Work order -> Leaving the pictures aside, return the listing exactly as it appears.

Supplied data ->
------------------------------------------------

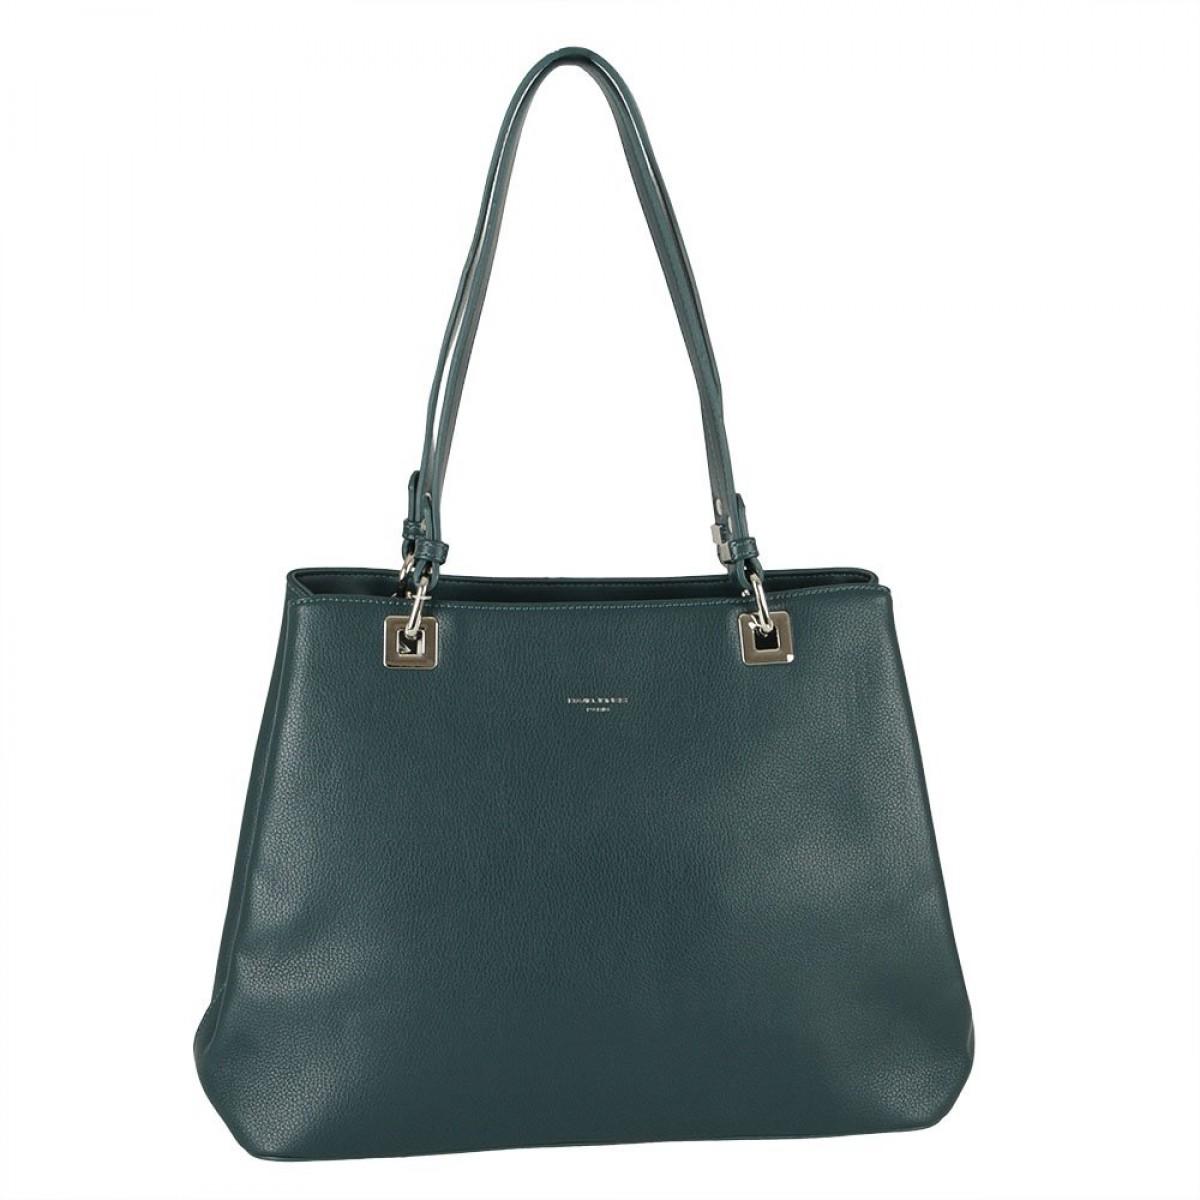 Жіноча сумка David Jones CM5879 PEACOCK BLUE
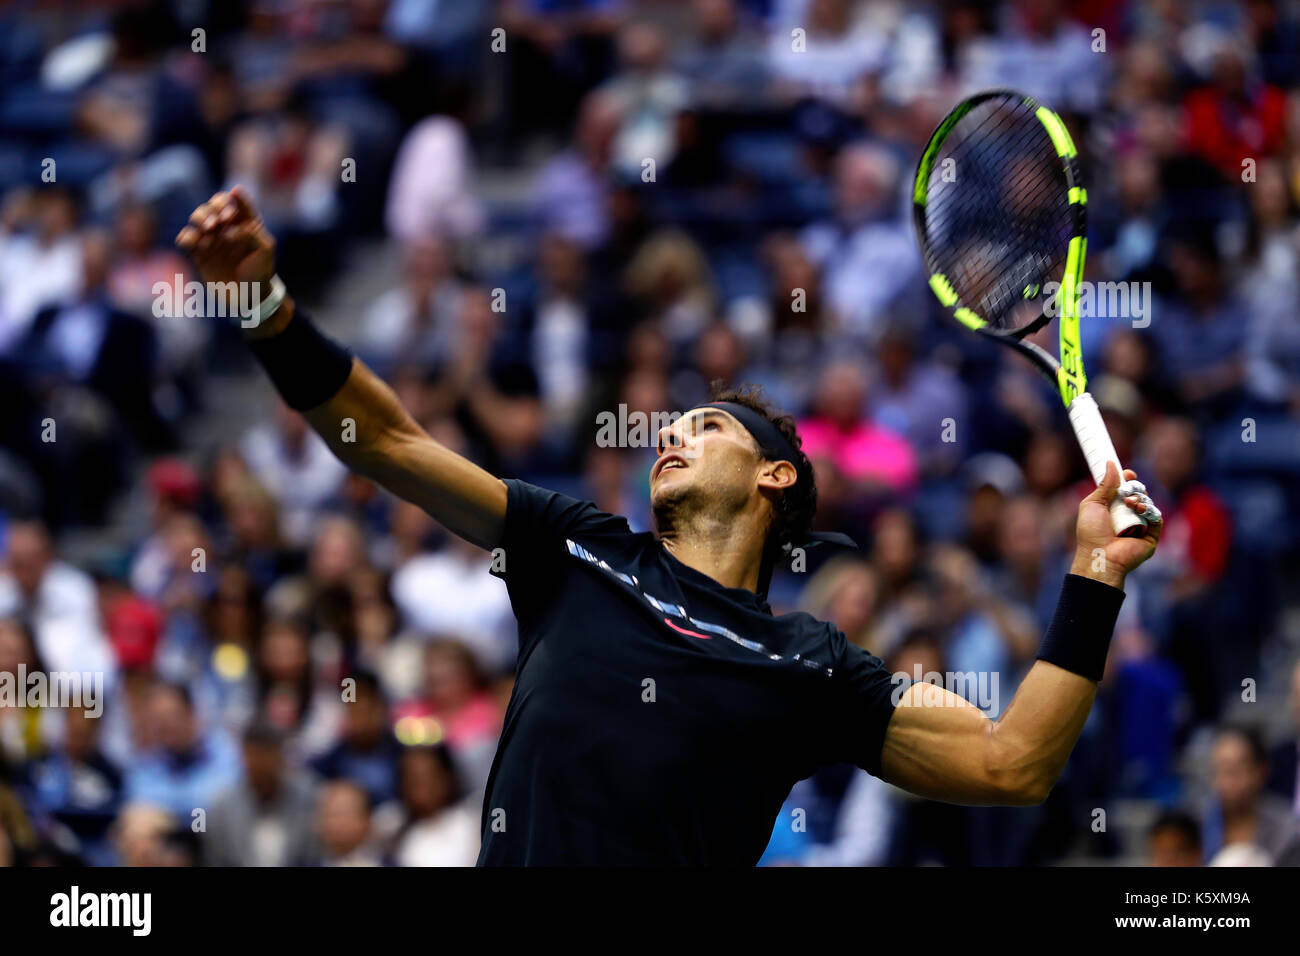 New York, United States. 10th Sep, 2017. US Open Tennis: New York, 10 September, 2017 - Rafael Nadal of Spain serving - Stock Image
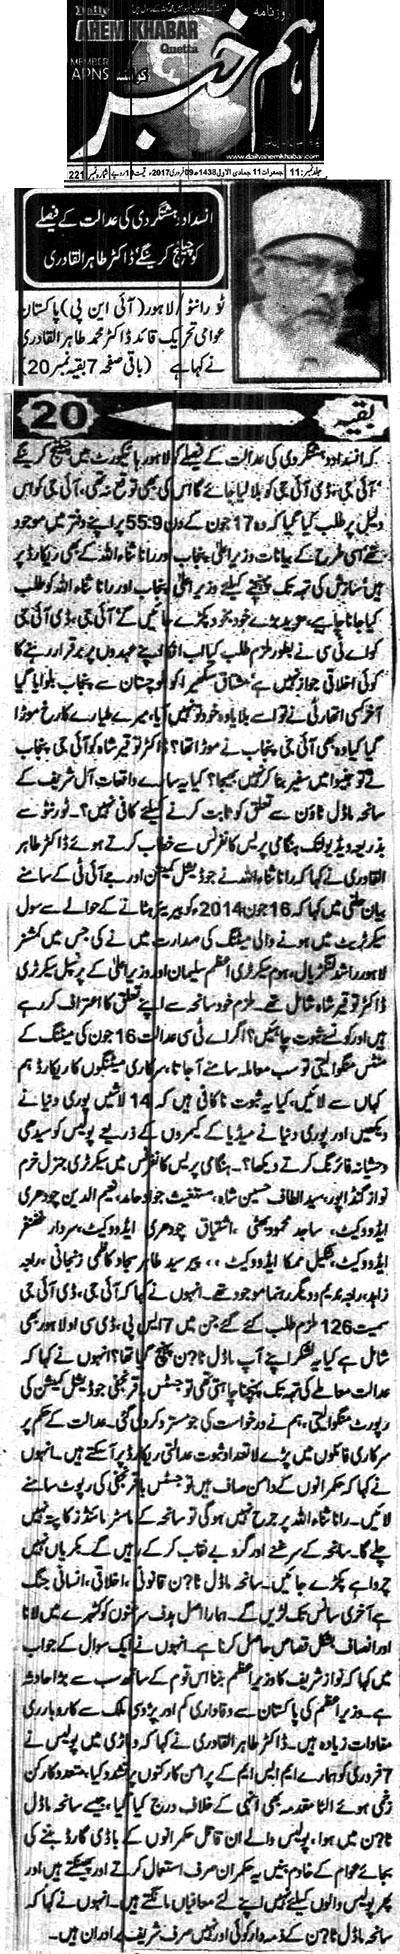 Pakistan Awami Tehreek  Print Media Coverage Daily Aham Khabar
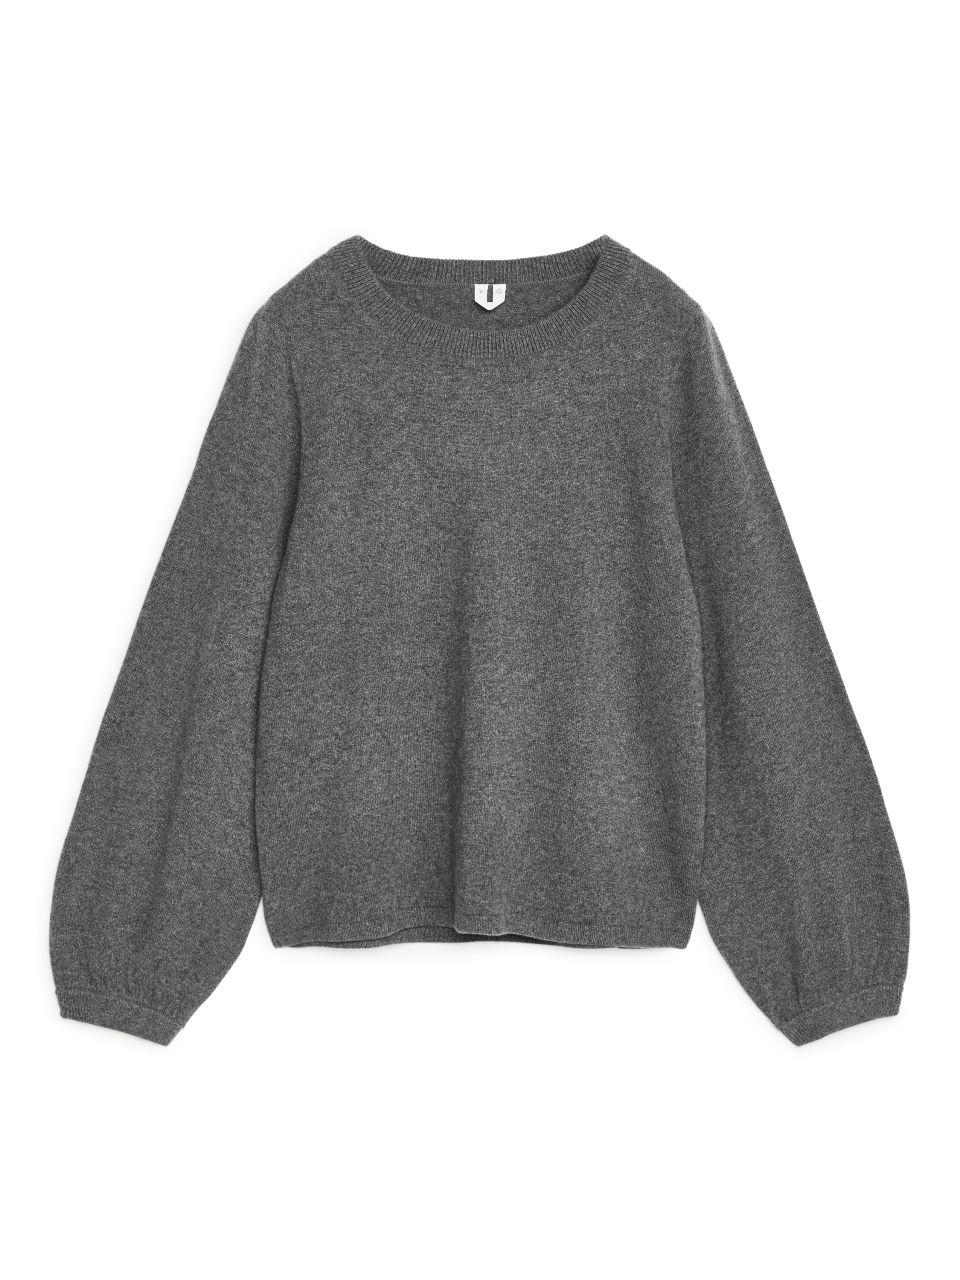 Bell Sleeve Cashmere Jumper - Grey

------------------------------------------------

Written answer ->
 Жіноча сумка David Jones CM5879 PEACOCK BLUE
 New York, United States. 10th Sep, 2017. US Open Tennis: New York, 10 September, 2017 - Rafael Nadal of Spain serving - Stock Image
 Pakistan Awami Tehreek  Print Media Coverage Daily Aham Khabar
 Bell Sleeve Cashmere Jumper - Grey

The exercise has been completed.